To fetch the answers and metadata but for the current answers, we’ll
query the TaskAnswerHistory
table using the CURRENT_ANSWERS
query as a sub-query to identify just the rows that are current answers
to questions:
SELECT taskanswer_id, stored_value, created, username, reviewed
FROM guidedmodules_taskanswerhistory
LEFT JOIN siteapp_user
ON siteapp_user.id = answered_by_id
WHERE guidedmodules_taskanswerhistory.id IN (CURRENT_ANSWERS);
Here is an example result:
Task Answer |
Stored Value |
Created |
Username |
Reviewed |
---|---|---|---|---|
10 |
null |
2018-05-20 10:35 |
user1 |
0 |
11 |
“server2.company.com” |
2018-05-19 16:20 |
user2 |
2 |
This result holds the current answers to the Unix File Server hostname
question across all instances of the compliance app in the GovReady-Q
installation. Notice that the rows in the previous table that
represented replaced answers to the first TaskAnswer are omitted from
the results in this query and only the current answer for each Task
is included.
The “stored_value” column holds the user’s answer encoded in JSON. In
JSON, text (strings) are enclosed in double quotes. Therefore we know
that the second answer is text. In JSON, null
(without double quotes
around it) represents an empty value — in GovReady-Q, that means the
user skipped the question choosing I Don’t Know, It Doesn’t Apply,
or I’ll Come Back.
We’ll modify this query in the next section to filter on the reviewed status of each answer.

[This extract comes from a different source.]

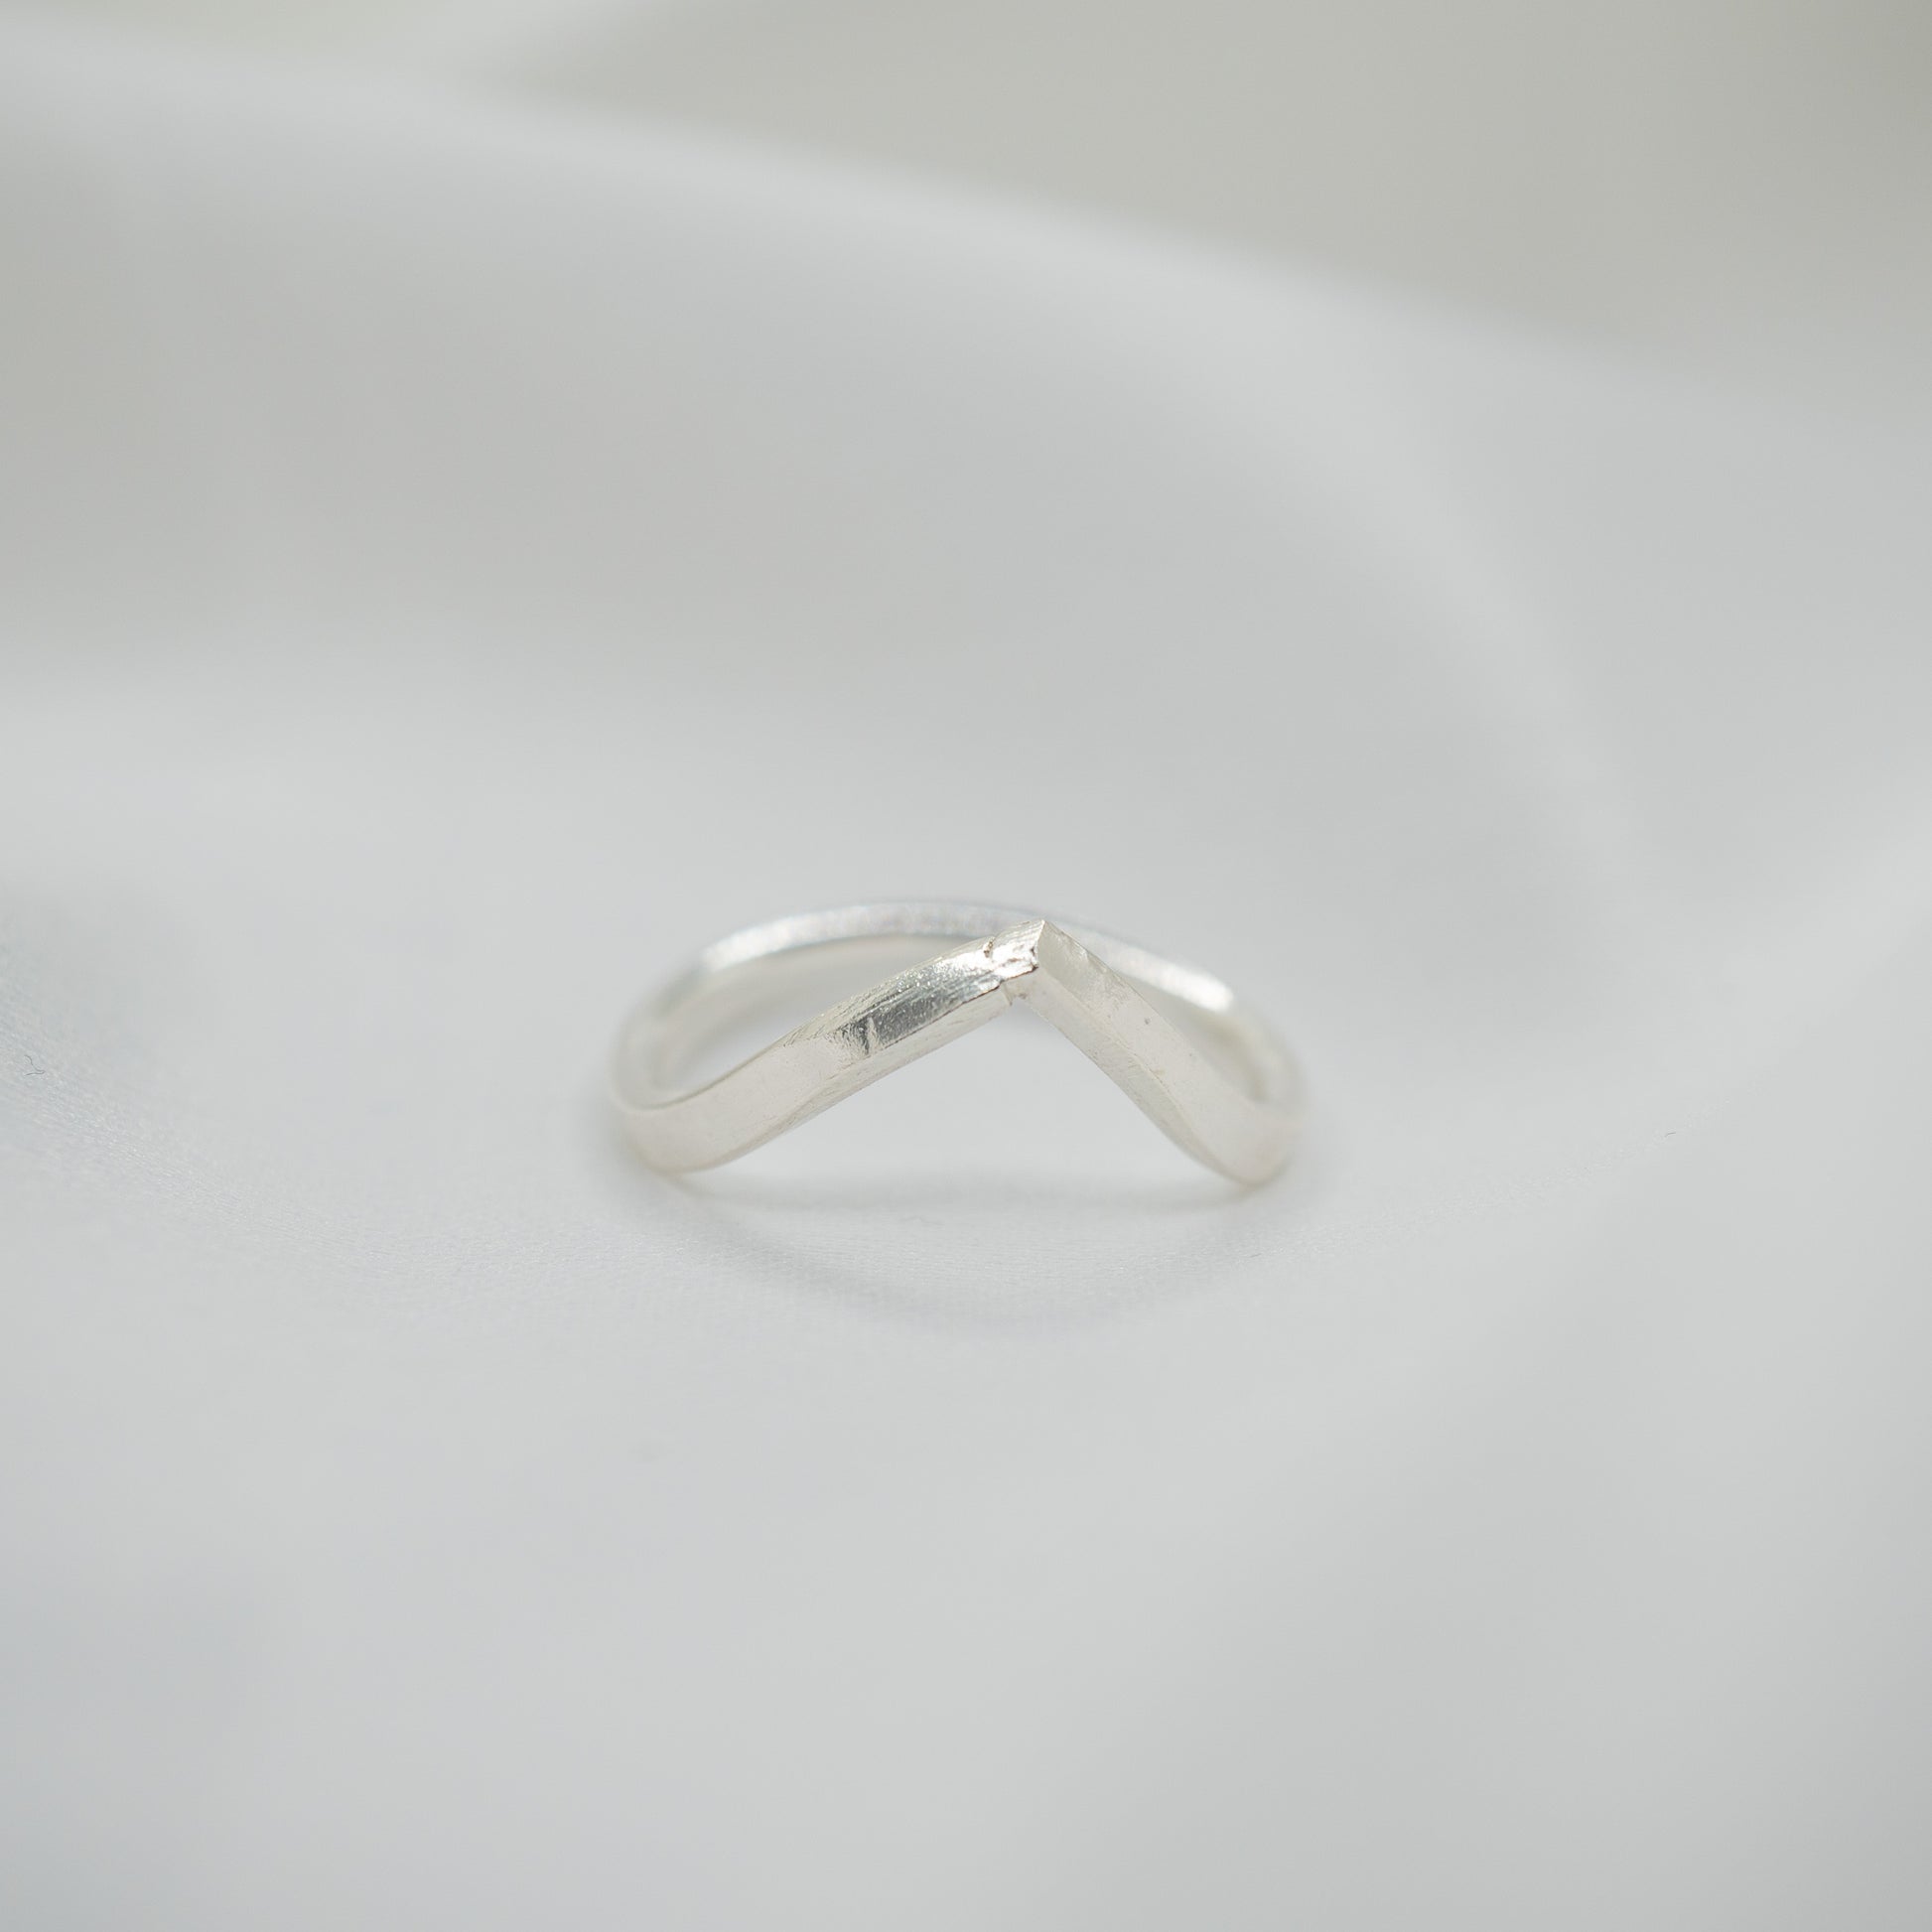 Sterling Silver Chevron Ring - shot on white - front view

Filter on approved answers¶
The “reviewed” field of TaskAnswerHistory
stores GovReady-Q’s simple
workflow status of the answer. The values are 0
(not reviewed),
1
(reviewed), and 2
(approved). To select just approved answers,
add a WHERE clause to the previous SQL query:
SELECT taskanswer_id, stored_value, created, username, reviewed
FROM guidedmodules_taskanswerhistory
LEFT JOIN siteapp_user
ON siteapp_user.id = answered_by_id
WHERE guidedmodules_taskanswerhistory.id IN (CURRENT_ANSWERS)
AND reviewed = 2;
The query extracts the answers in a structure similar to the following table:
Task Answer |
Stored Value |
Created |
Username |
Reviewed |
---|---|---|---|---|
11 |
“server2.company.com” |
2018-05-19 16:20 |
user2 |
2 |
This is the complete query to extract the approved answers to the
hostname question in the Unix File Server compliance app. The query has
been simplified by replacing a sub-query with CURRENT_ANSWERS
, which
itself has a sub-query that has been replaced by MODULE_QUESTIONS
.
Both sub-queries can be found above.